### DATA PROVIDED ###

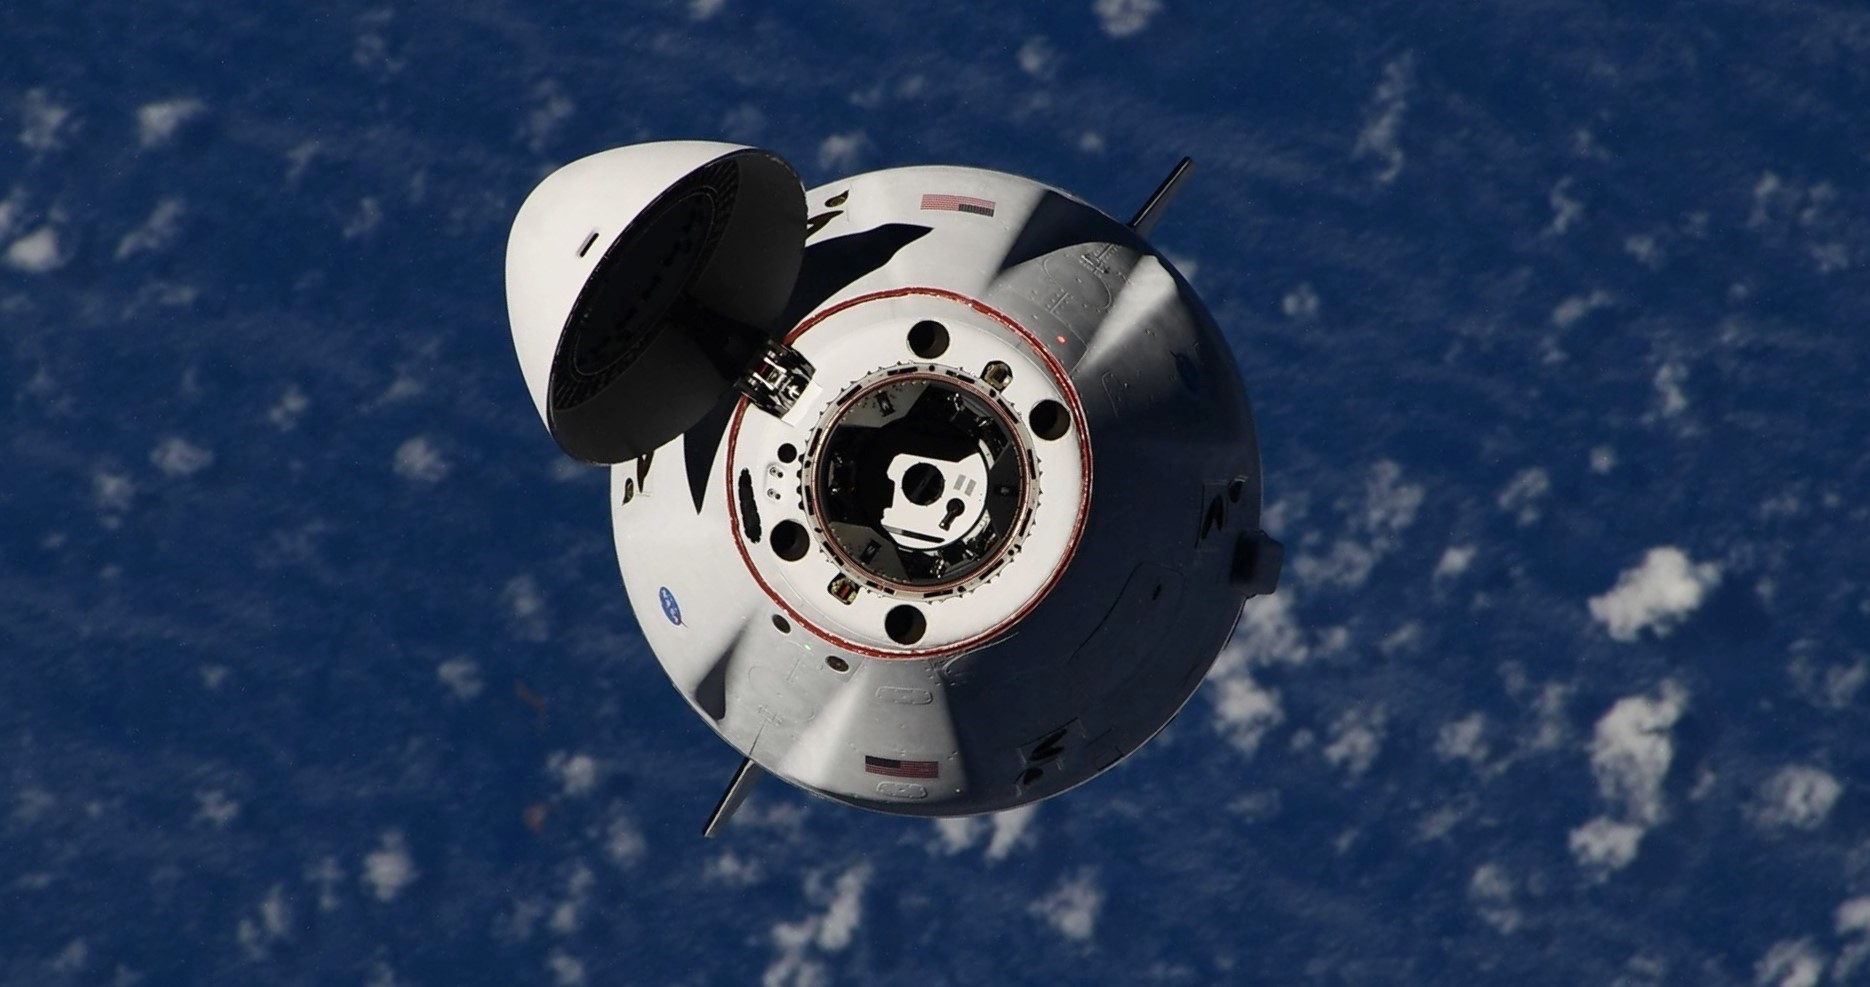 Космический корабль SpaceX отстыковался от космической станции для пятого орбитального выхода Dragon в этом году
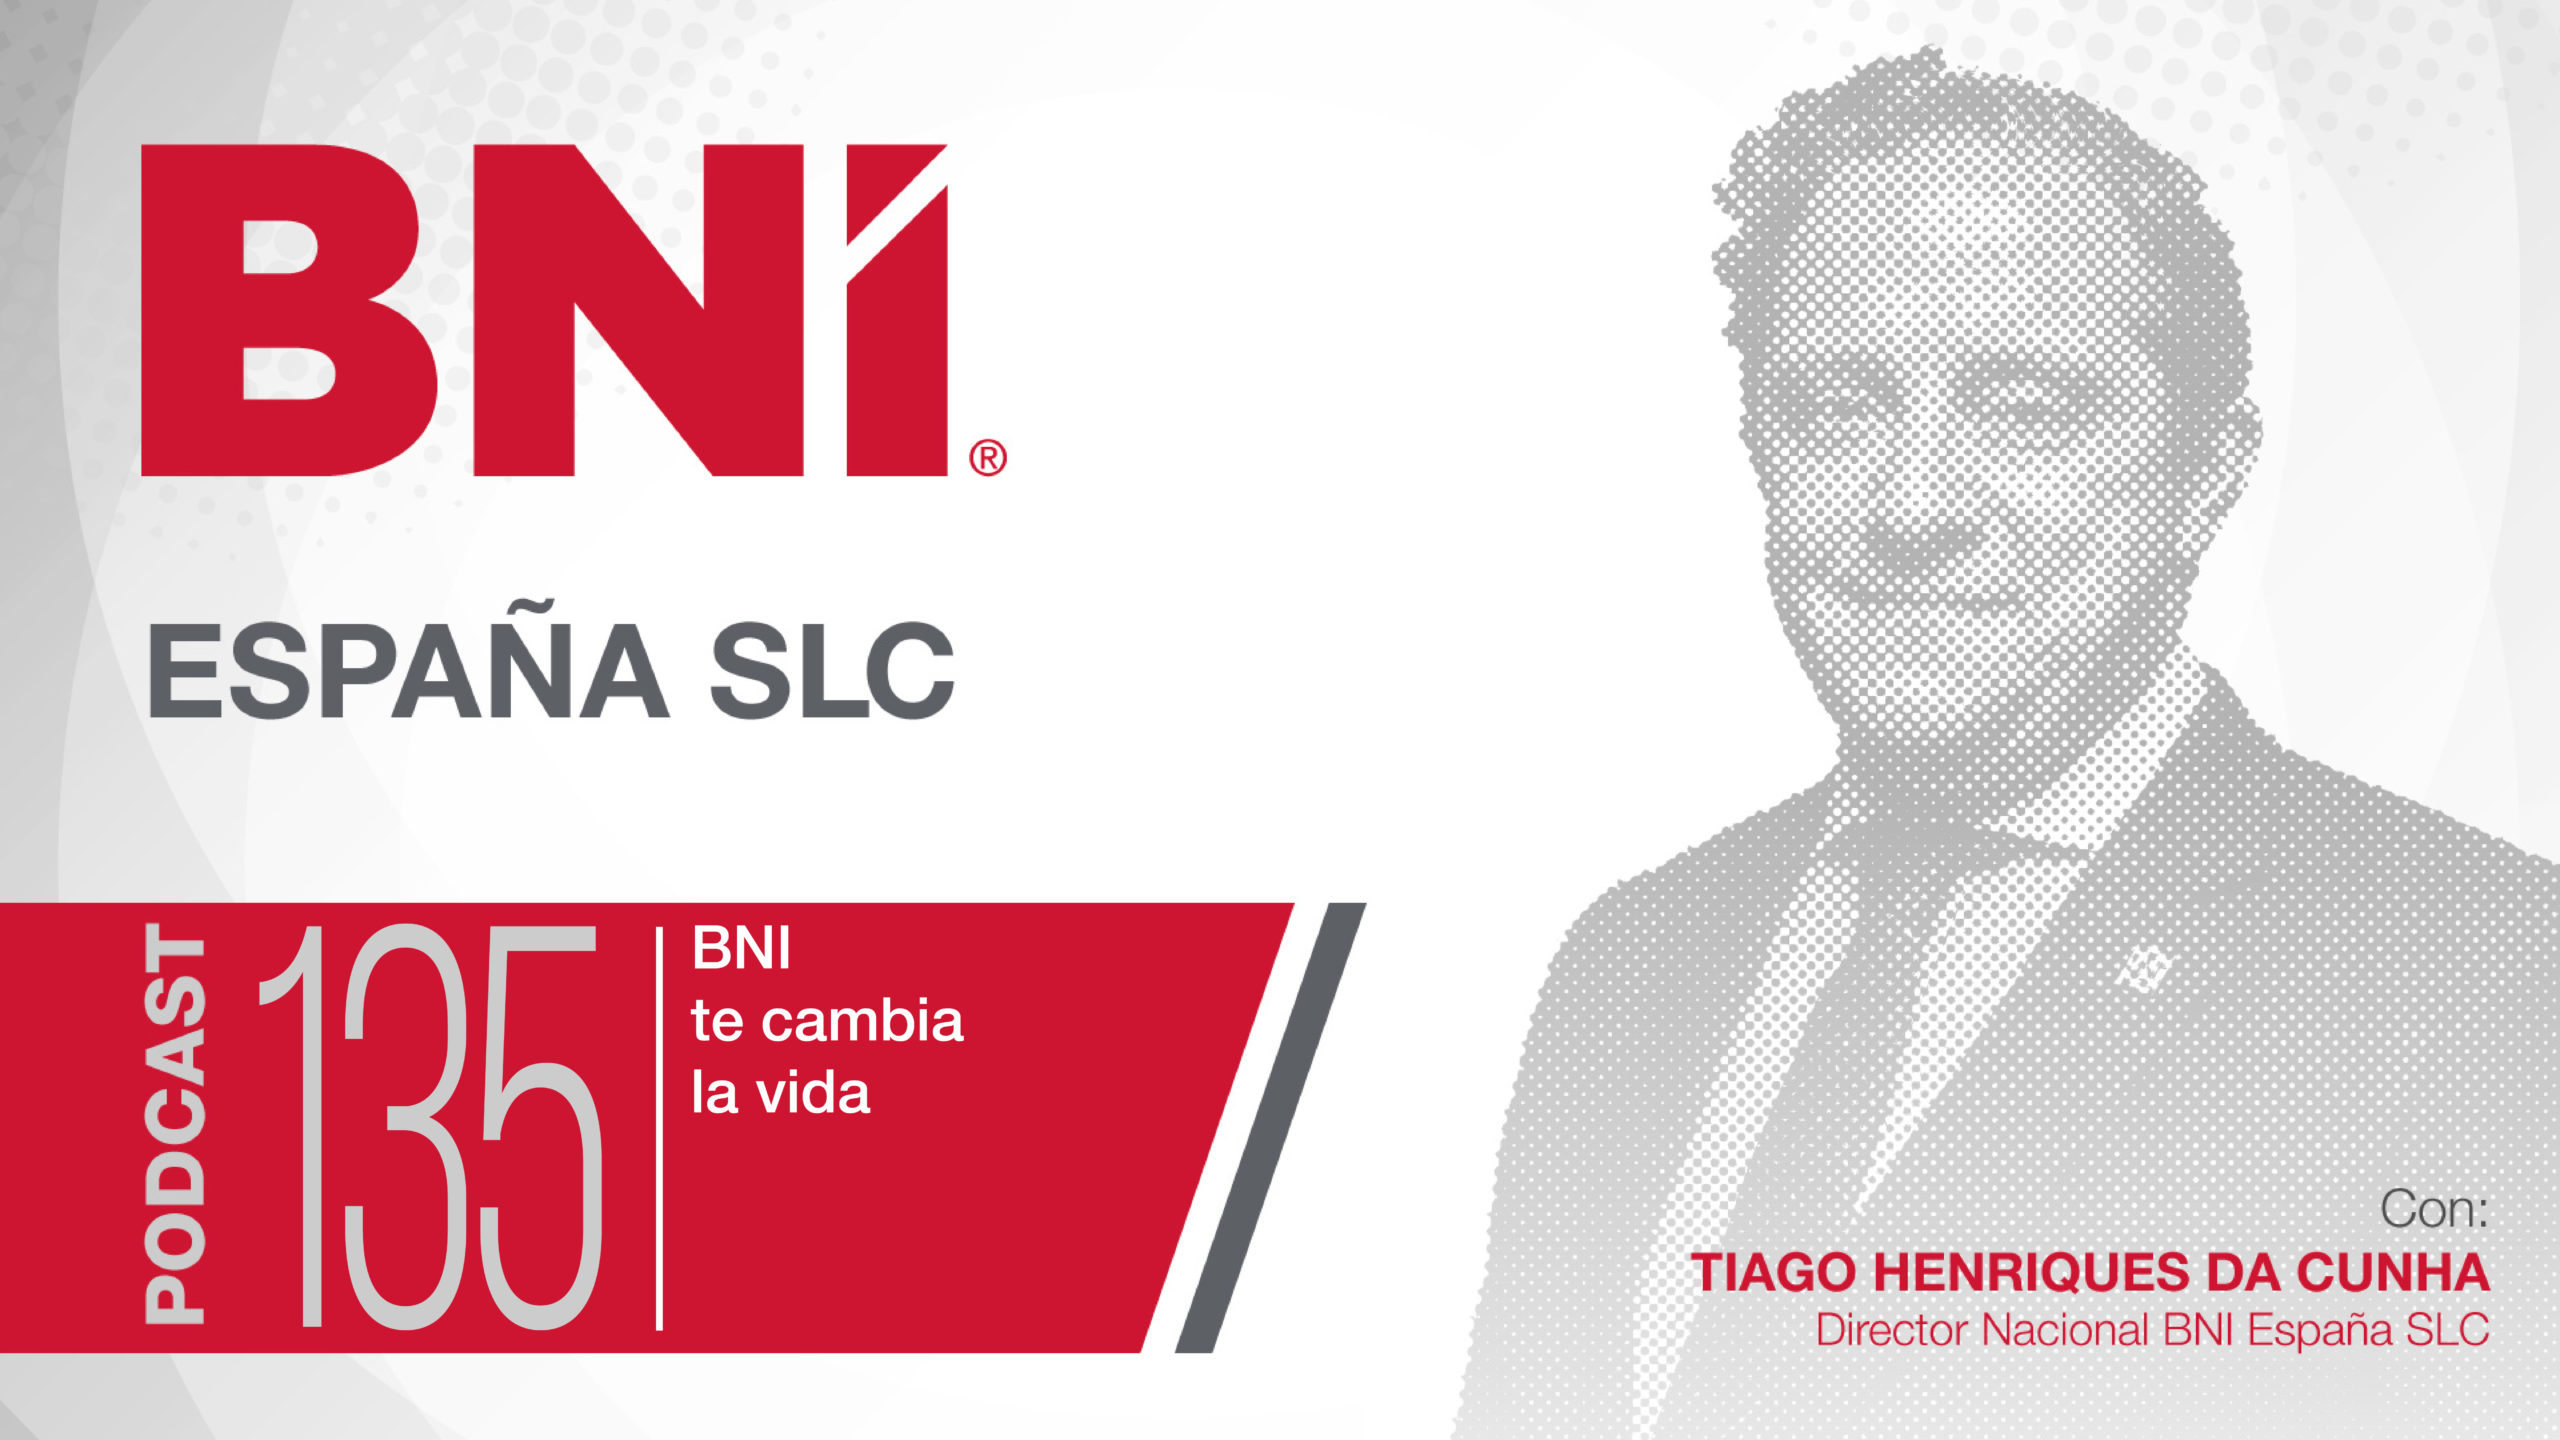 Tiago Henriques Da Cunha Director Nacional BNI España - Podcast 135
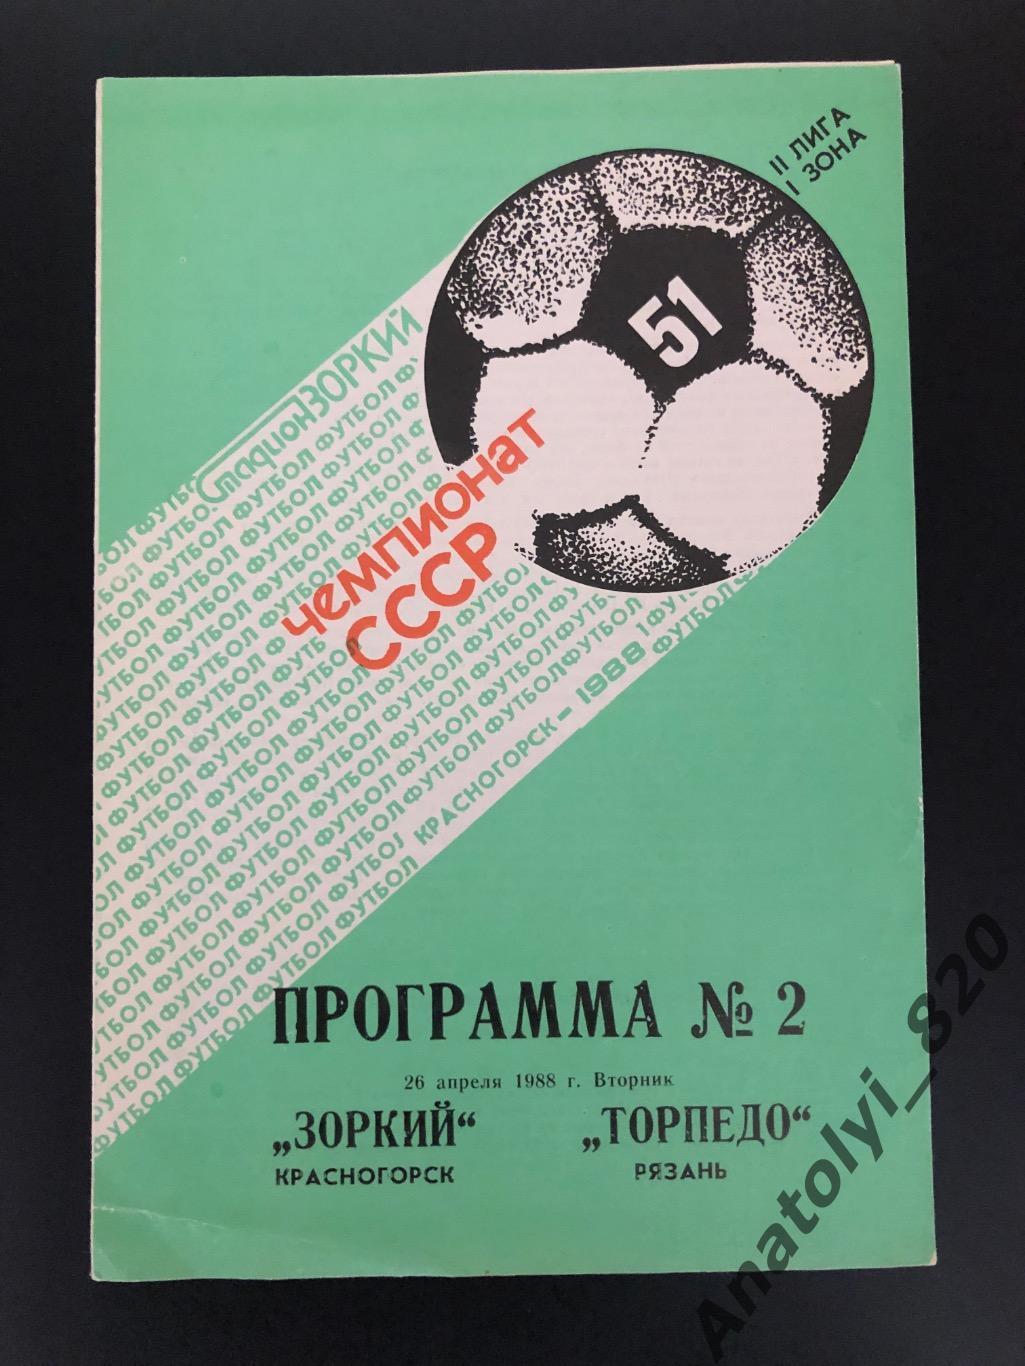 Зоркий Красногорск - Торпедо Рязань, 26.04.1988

###

- **PROBLEM TO SOLVE**: Locate the line containing "Tiago Henriques Da" in the material above, then repeat it and every later line exactly, with no pictures.

- **RESULT FOR THIS EXERCISE**:
 Tiago Henriques Da Cunha Director Nacional BNI España - Podcast 135
 Зоркий Красногорск - Торпедо Рязань, 26.04.1988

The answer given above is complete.